Driven by foreign exchange gain,the country’s largest car-maker Maruti Suzuki India (MSI) today reported 49 per cent jump in net profit at Rs 631.6 crore for the first quarter ended June 30,2013.
The company had posted net profit of Rs 423.77 crore in the April-June quarter of last fiscal.
Sales were down 9.98 per cent to 2,66,343 units,from 2,95,896 units in the year-ago period as the auto market continued to reel under demand slump.
In value terms,MSI said Q1 net sales were Rs 9,995.12 crore as against Rs 10,529.24 crore in the same period a year ago,down 5 per cent.
“Favourable foreign exchange rates during the quarter helped improve export realisation and limit the impact on net sales,” the company said.
Besides,MSI said the increase in net profit was also due to focussed cost reduction efforts undertaken by it and the benefit from merger of Suzuki Powertrain India Ltd (SPIL) with the company in the 2012-13 fiscal.

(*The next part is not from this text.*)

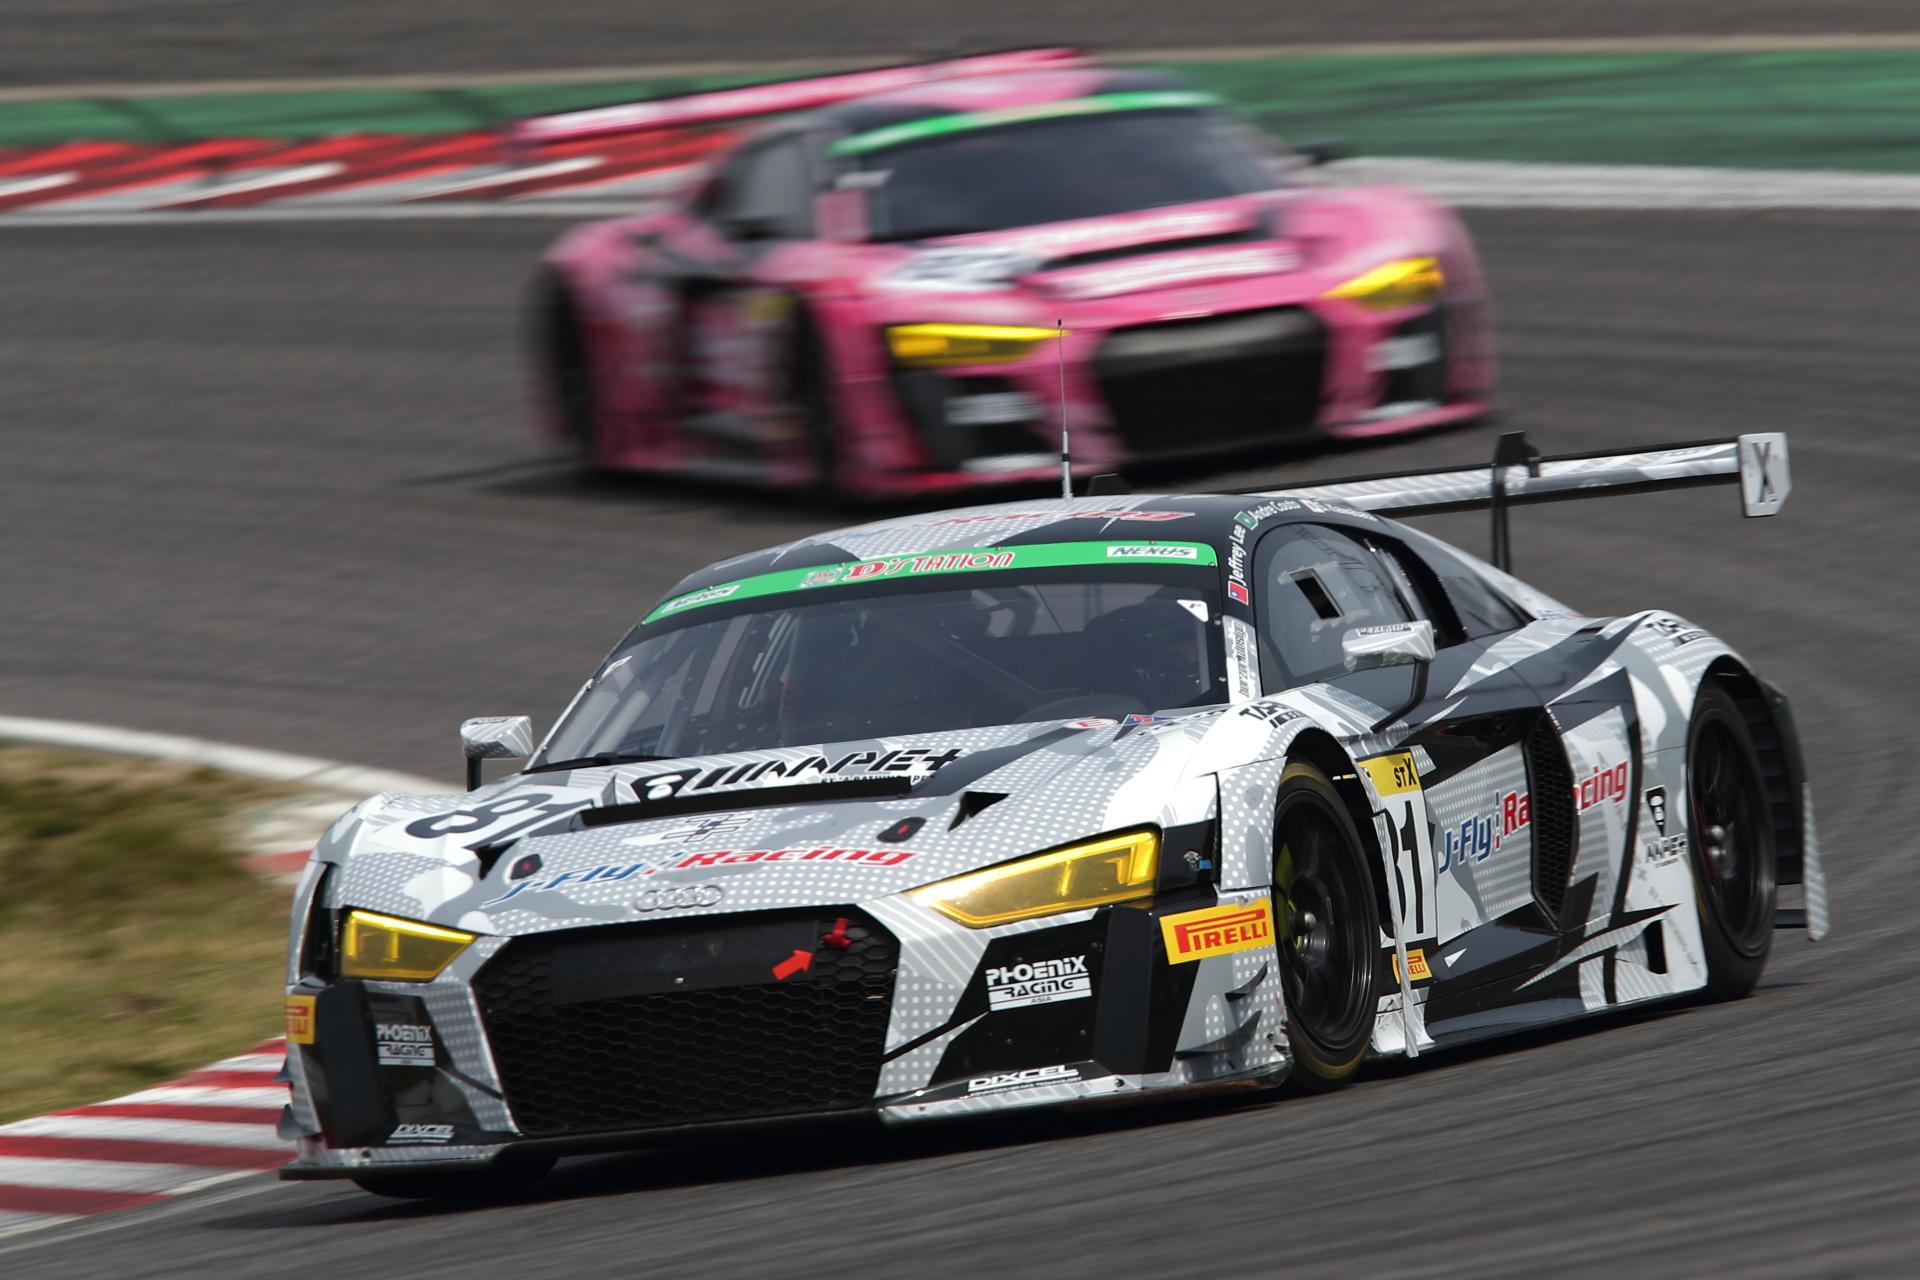 5位 No.81 J-Fly Racing R8(R8 LMS)Jeffrey Lee/Andre Couto/川端伸太朗

Addressing analysts,MSI Chief Financial Officer Ajay Seth said: “Rupee depreciation has helped in higher export realisations.”
The company however did not quantify the forex gains.
Stating that it was a challenging quarter as demand was low,Seth said the company had to increase efforts to woo customers.
“During the quarter,the average discount across the models was Rs 13,446 as against Rs 11,646 in the year ago period,” he added.
Seth said that going forward “there will be significant increase in the discounts offered on cars. We should prepare for that. Discounts of diesels cars have gone up because diesel engine sales are declining and discount on diesel cars is impacting margins”.
MSI scrip ended the day at Rs 1,414.20,down 0.12 per cent from the previous close on the BSE.
Maruti Suzuki said domestic sales were down 6.8 per cent at 2,45,346 units during the first quarter of 2013-14,as against 2,63,264 units in the year-ago period.
Exports were also down to 21,088 units,as compared to 32,632 units in the same quarter last fiscal.
Commenting on domestic demand break-up,Seth said: “Rural sales registered double digit growth while sales in the urban areas registered negative high single digit growth. We expect rural sales growth to continue going forward”
Rural sales accounted for 29-30 per cent of the total sales during the quarter,he added.
During the quarter,the company said,cost of materials consumed was down to Rs 6,876.21 crore as against Rs 8,063.04 crore in the same period last fiscal.
“Material cost have come down by 3.5 per cent because of merger with SPIL,” Seth said,adding that royalty expenses in the quarter were at 6.1 per cent of net sales as against 6.9 per cent in the corresponding quarter last year.
Commenting on the outlook for volume growth for the year in the domestic market,he said it could be anywhere between 0-5 per cent.
He,however,declined to give any outlook on margins saying that “we have to see a variety of factors like volume,rupee-dollar equation and also we will put in efforts to reduce cost and increase localisation. There are so many variable that it is difficult to give outlook for margins”.
Seth said the inventory levels were manageable “but some inventory build up is required looking at the festive season”.
“With the third unit in Manesar to be operational from September,there will be headroom for capacity,” Seth said but added “if market remain where it is right now there will be capacity overhang.”
When asked if the current slowdown will affect plans for the Gujarat plant,he said: “We have some time to decide on the Gujarat plant. Board approval on Gujarat plant is still awaited. We are still in the process of getting approvals.”
On whether the company will advance the launch of its proposed compact SUV Alpha considering the success of Ford’s EcoSport,Seth said: “We are evaluating the product plans. It is not easy to prepone the launch. Let us wait and watch. We remain committed to one new model launch every year.”